Quackery vs. Science

When I tell people about the principles of Yekize I get three common responses:

  1. “Isn’t that just the placebo effect…?”
  2. *sceptical look* “I’m sure that can be explained scientifically instead…”
  3. “That’s a really interesting idea – tell me more…”

There are no prizes for guessing which of these responses I prefer, but I think it’s time to confront these first two comments head on…

1. “Isn’t that JUST the placebo effect”

This comment is probably one of the most frustrating, because it is based on a misconception: the idea that the placebo effect is an insignificant change that only has statistical relevance in clinical trials, and no where else. A friend of mine once put it rather nicely:

“Yes it is a placebo, but the placebo effect WORKS..!”

The placebo effect is a tool used in clinical trials, to establish the strength of a medical intervention, but it is so much more than this… As Schapiro & Shapiro so clearly put it:

“The history of medicine, is essentially the history of the placebo effect”

By this they mean, that the vast majority of treatments and cures from history have had no pharmacological basis, but still people used these remedies for a reason. They used them, because they DID improve things for people. Why else would so many medical traditions survive for so long. Blood letting had been a common treatment for all sorts of ailments since antiquity and continued to be popular even into the 20th century. Whilst conventional medicines generally offer stronger effects, than the placebo, trials have found that the placebo effect can account for 30-50% of a drug’s efficacy. This is no insignificant amount…

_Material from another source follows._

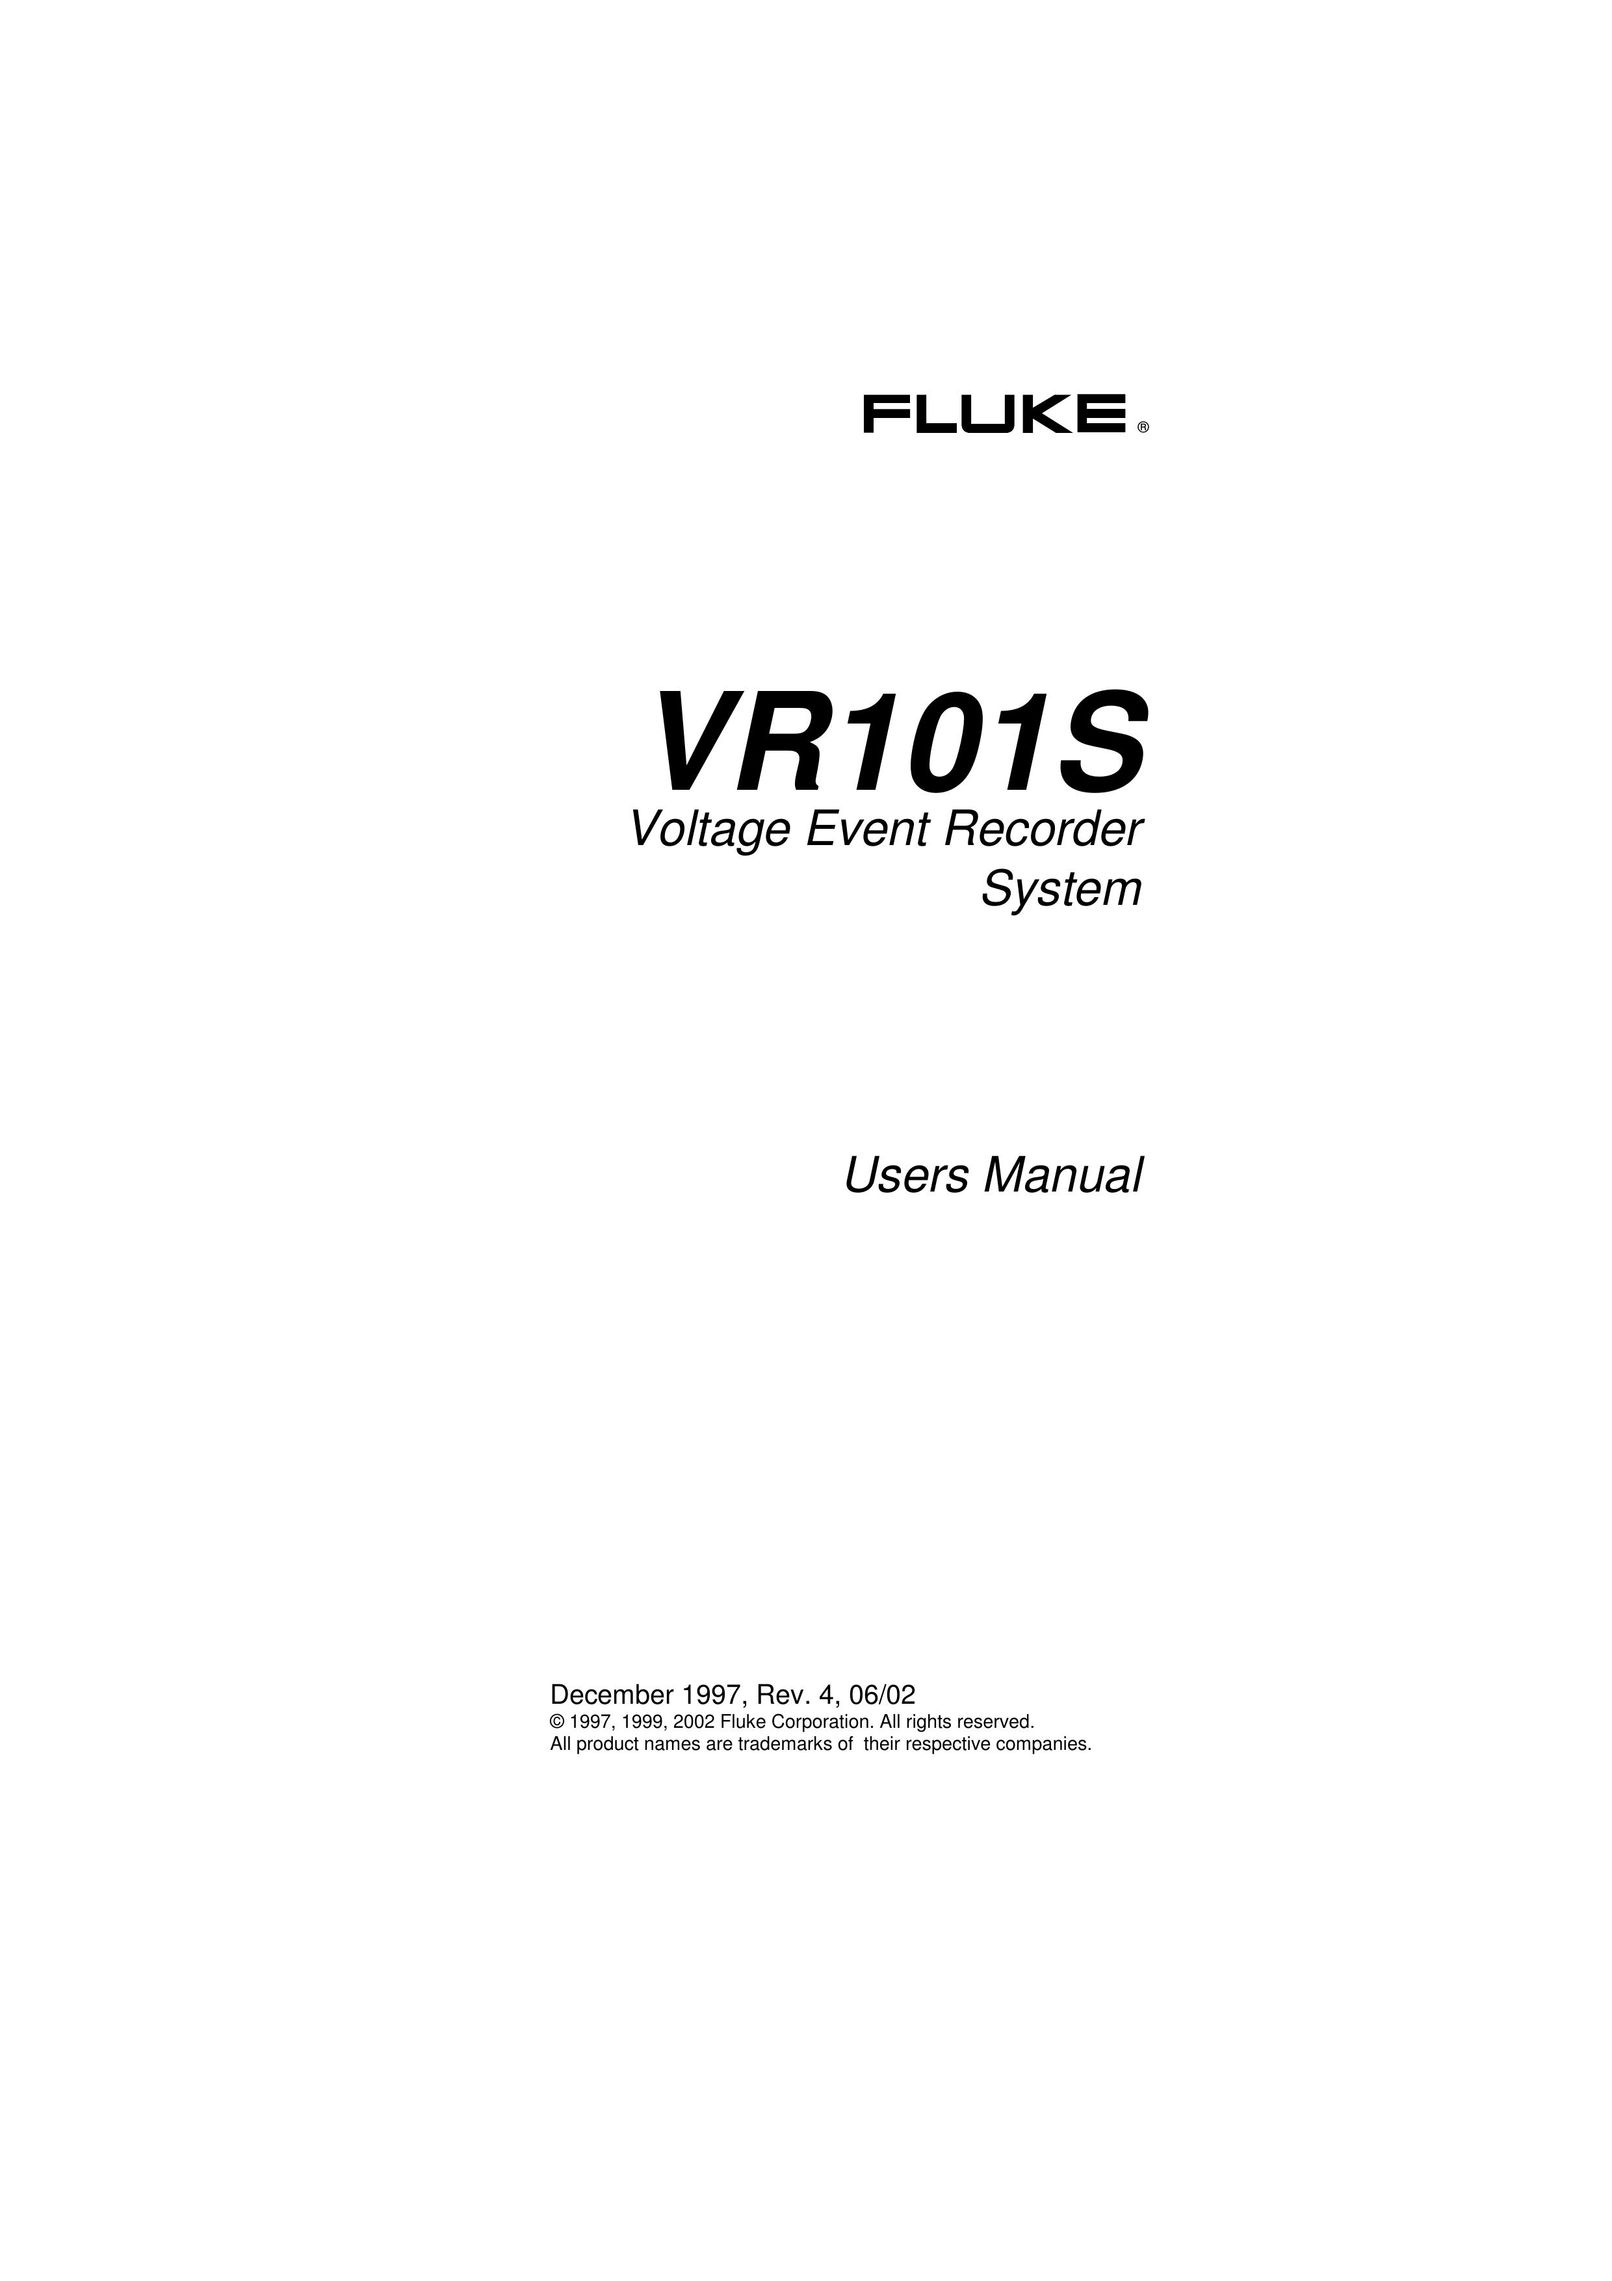 Fluke VR101S Cable Box User Manual

This type of placebo effect is largely dependent upon anticipated effects: a patient expects to feel better after taking some bitter-tasting medicine, and so they are. This method is heavily integrated with psychology and so there is a large variation between the levels to which different people respond to the placebo. But these anticipation mechanisms can also be used to increase the potency of a drug, aid recovery and reduce symptoms for the patient. Therefore, they are still an area worth pursing for the people that may benefit: after all, even standard medications can vary widely from person to person.

But the placebo effect is more than the anticipated effects. Neuroscientist, Fabrizio Benedetti has found that the 30-50% can actually be increased to 90% using the neuroimmune conditioning method. This is where a patient is given a drug for a conditioning period, then they are given an identical looking placebo, the patient’s body will then respond to the cues of placebo as if it were the real drug for a limited time period (e.g. 48 hours). This response relies less on psychology and more on an interaction between the brain and the immune system. Research has shown that this method can cause neuroplasticity (changes in the brain’s synapses/connections) as well as increased levels of various helpful chemicals in the body i.e. dopamine.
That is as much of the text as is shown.